Japanese Finance Minister Jun Azumi will be rewarding investors who buy more than 10 million yen ($129,000) in reconstruction bonds with gold in the government’s latest attempt to bolster demand for the debt.
Individual investors who hold the bonds for three years will be eligible for a gold commemorative coin valued at 10,000 yen, the Finance Ministry said in Tokyo today. At 15.6 grams, (0.55 ounces), it would be worth about $948 based on prices for the precious metal. Only a limited number of coins will be issued, the Finance Ministry said in a statement.
Azumi, whose hometown was devastated by the March 11 disaster, said today he bought 1 million yen of the debt to support rebuilding efforts from the March 11 earthquake and tsunami. Offering gold bolsters the value of the return on the debt, which will be at 0.05 percent for the first three years.
Japan — the prototypical case of zombification — has kicked the can all the way to the end of the road. How easy is it for an investor or an institution to accept a near-zero bond yield when they could buy a piece of gold that has averaged a 17% yield this decade? Not easy at all. That is why — if governments want to kick the can and avoid liquidation at all costs — governments will have to find a way to limit gold yields. I outlined a fairly outlandish (but undoubtedly Keynesian) method a couple of months ago — a new stimulus package to mine gold. Of course, there is a more devastating alternative with a historical precedent, which is confiscation, but whatever they do they need to address the fact that a form of economic activity that produces nothing — buying gold — is far more attractive than investing in stocks or bonds or (any fiat-denominated instruments).

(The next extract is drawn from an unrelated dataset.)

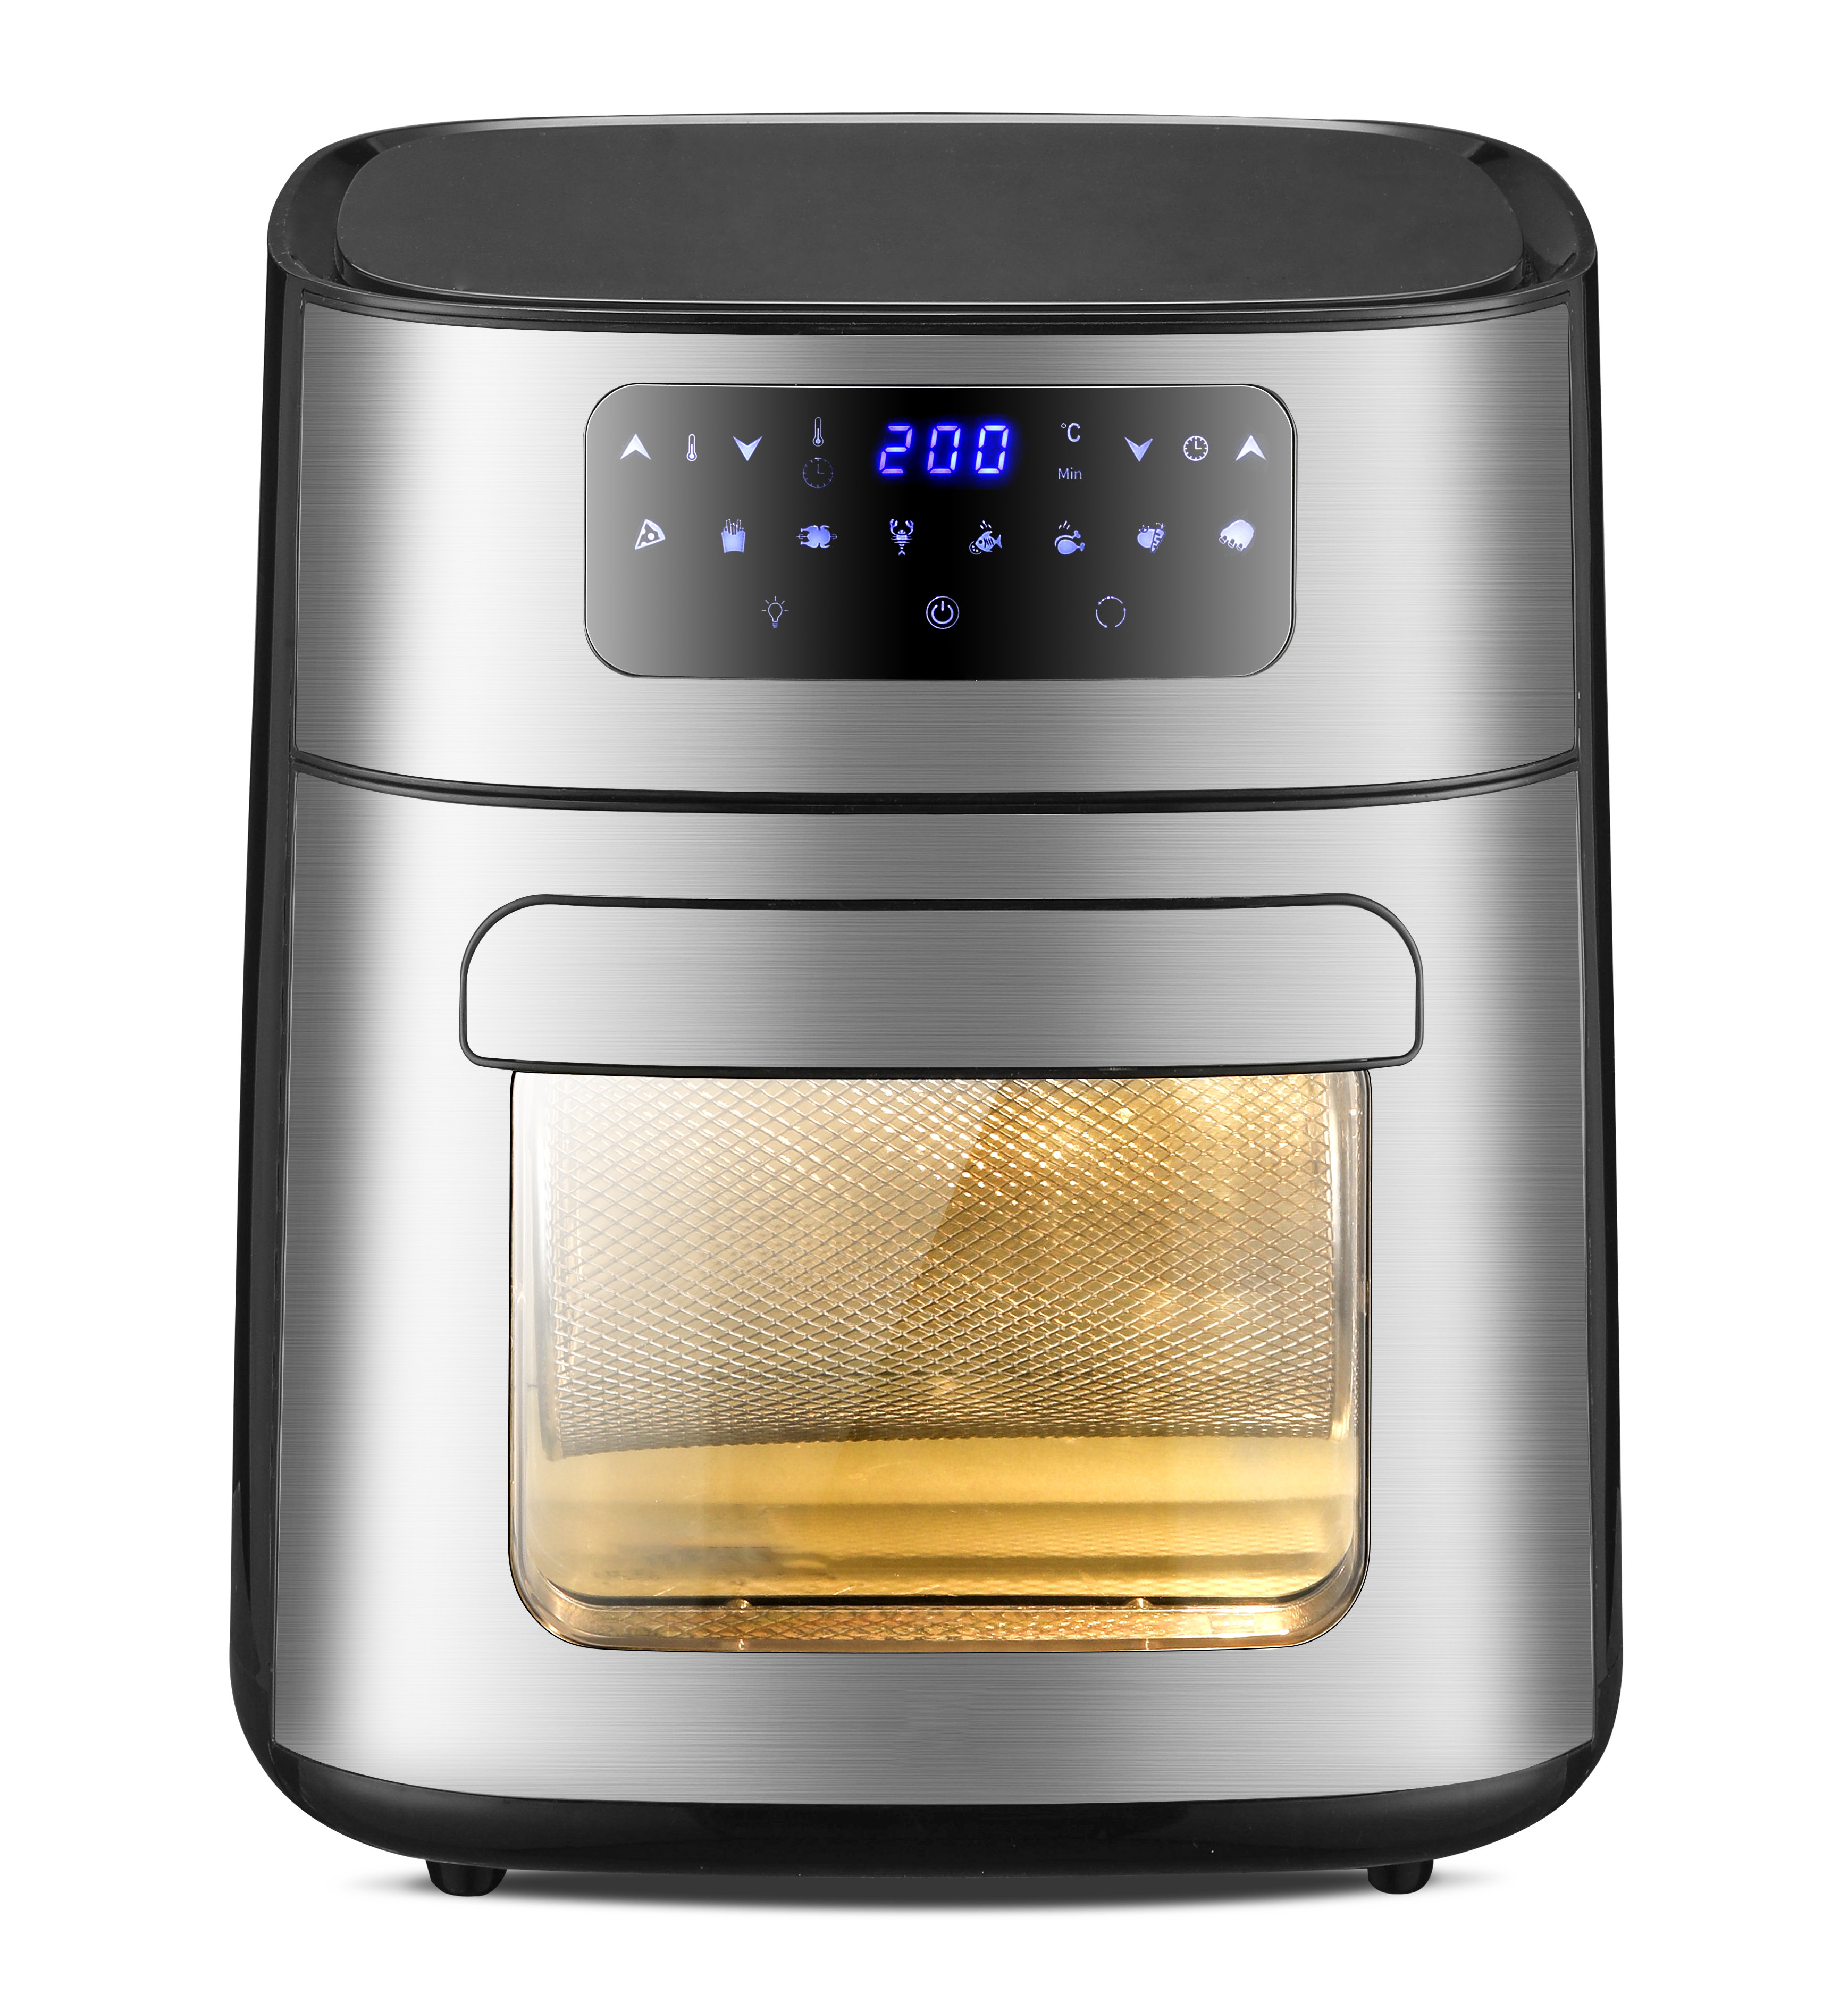 10L AIR FRYER OVEN WITH VISIBLE COOKING WINDOW

Now I don’t expect America to get to the stage Japan is at — America is at its core a free-spirited, libertarian nation, and years of austerity, unemployment and zero growth will foment revolution. Japan, by contrast, is a very conservative, and conformistic nation. Jobless Japanese kids — unlike their British and American contemporaries — do not seem to riot. So I never expect the American or British Treasuries to get to the stage where they sweeten the deal on their crummy debt by throwing in gold coins.
But the lesson here is all the same — without some kind of miracle, bailing out zombie institutions and financial systems kills creative destruction (the heart of capitalism), which kills growth, and makes gold an extremely attractive investment. That’s because it doesn’t lose any intrinsic value, while stocks and bonds are blighted by systemic dereliction, monetary mismanagement, and weak demand.
Frankly, I’d rather live in an economy where gold is not such an attractive investment, where stocks and bonds trade on fundamentals rather than the latest interventionist hyperbole from Benny at the Fed, where products and firms succeed and fail based on their inherent characteristics, rather than on whether the Euro will fail or not. But until capitalism is restored, until firms are free to succeed and fail on their own merits, gold — the true symbol of capitalism in a perverted system of corporatism — will keep going up and up.